=== Begin Enclosure ===

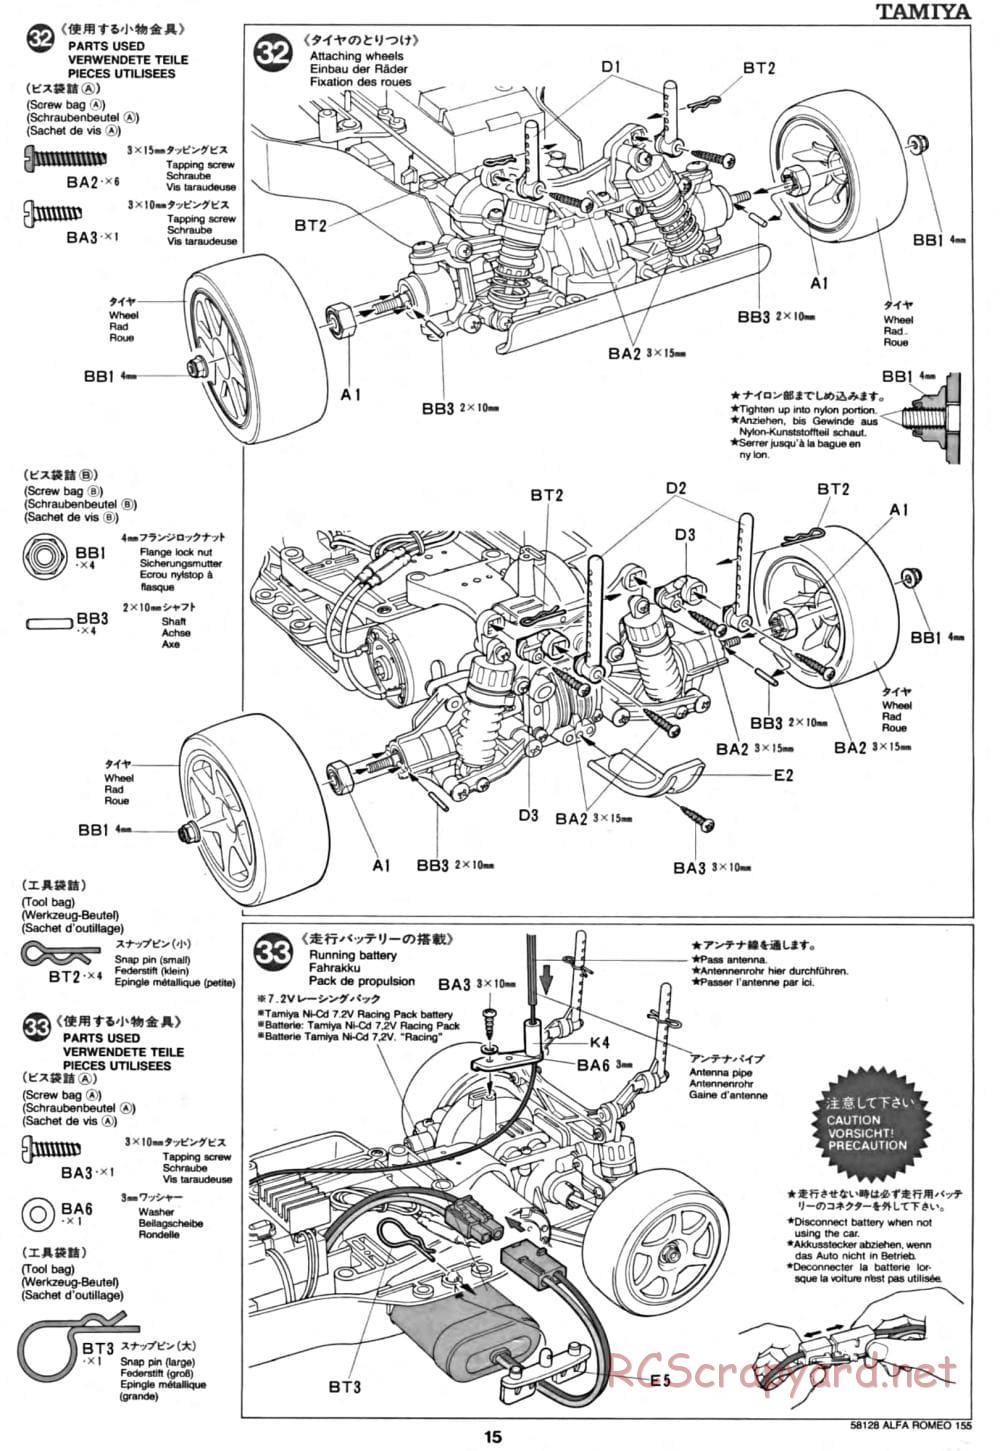 Tamiya - Alfa Romeo 155 V6 TI - TA-02 Chassis - Manual - Page 15
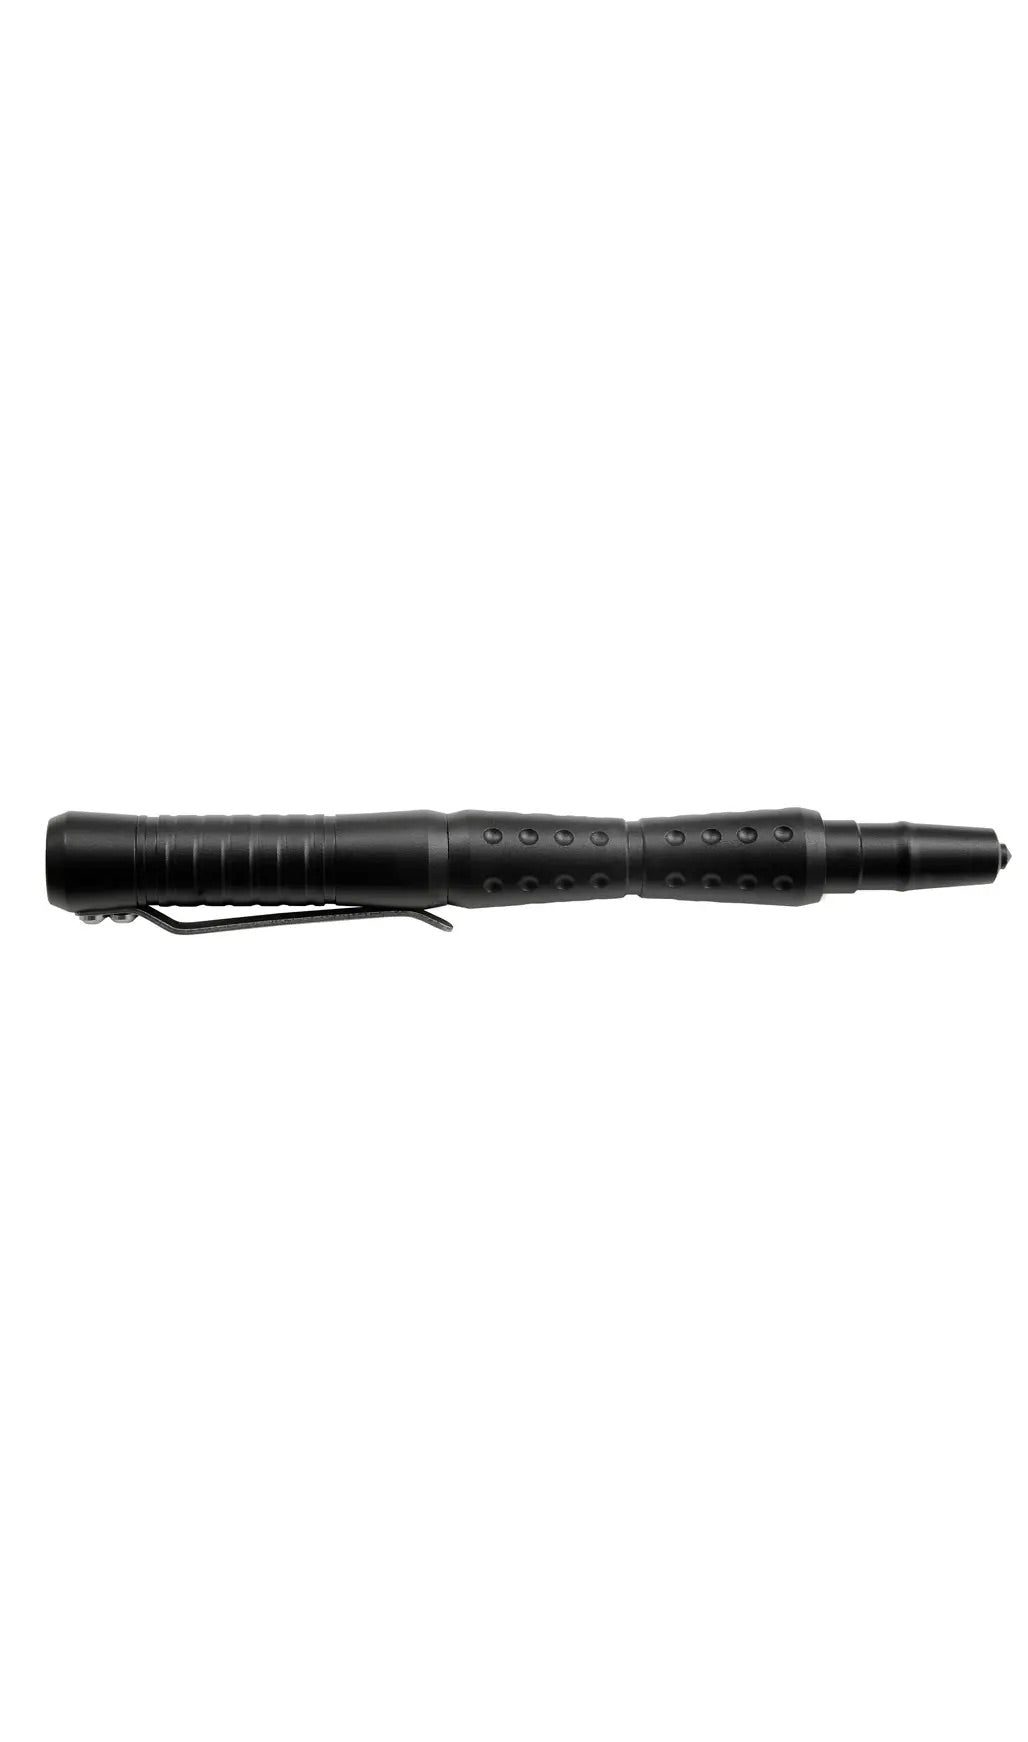 UZI Tactical Pen 19 | Black
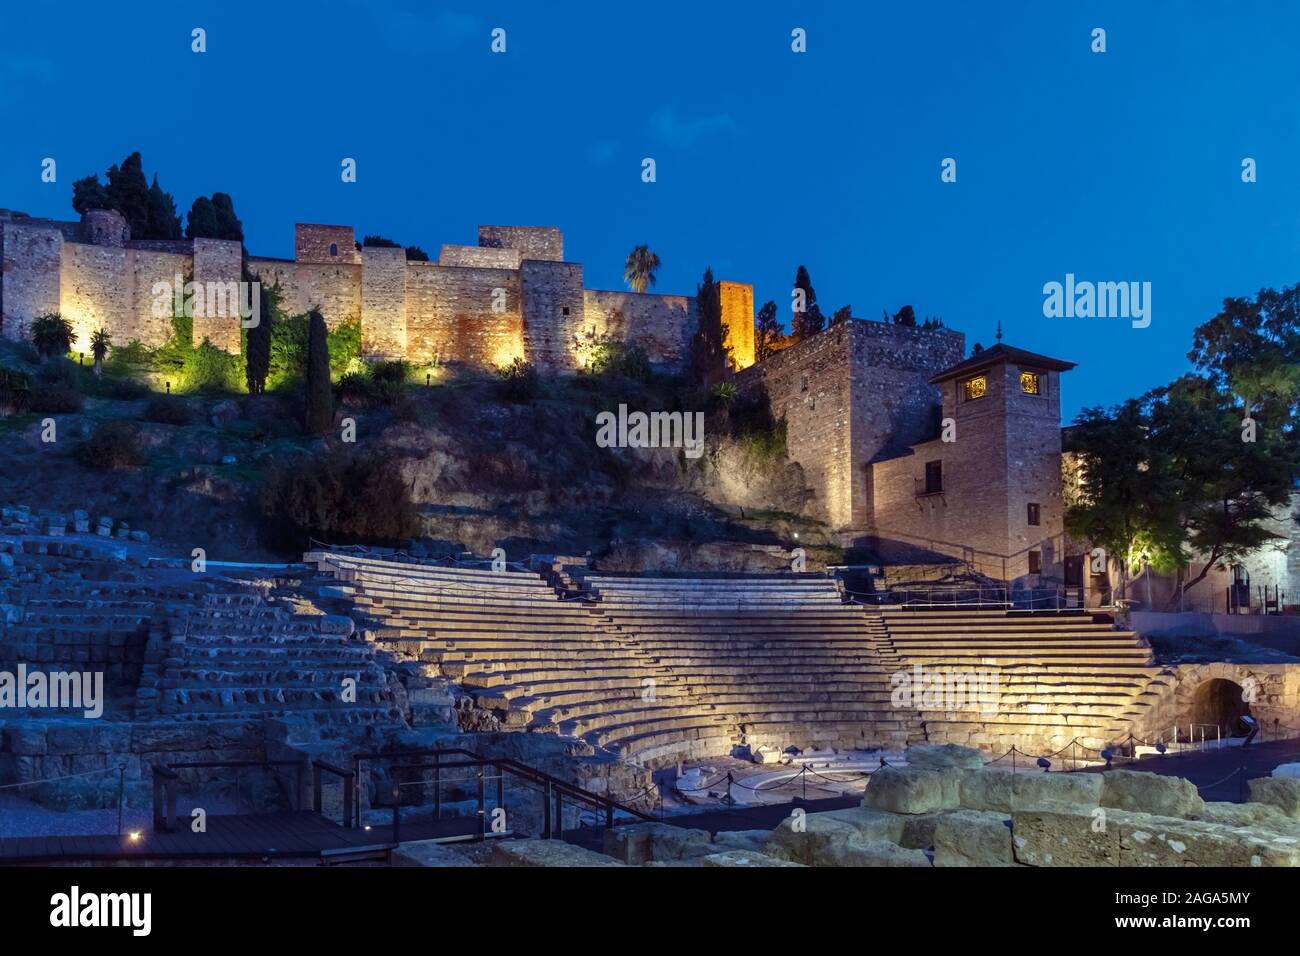 Teatro romano e la alcazaba moresca, o fortezza, Malaga, provincia di Malaga, Costa del Sol, Andalusia, Spagna meridionale. Foto Stock

=== End Enclosure ===

* [Problem details] Print the listing exactly. No pictures belong in the copy.

* [Reply to the exercise]
 Tamiya - Alfa Romeo 155 V6 TI - TA-02 Chassis - Manual - Page 15
 UZI Tactical Pen 19 | Black
 Teatro romano e la alcazaba moresca, o fortezza, Malaga, provincia di Malaga, Costa del Sol, Andalusia, Spagna meridionale. Foto Stock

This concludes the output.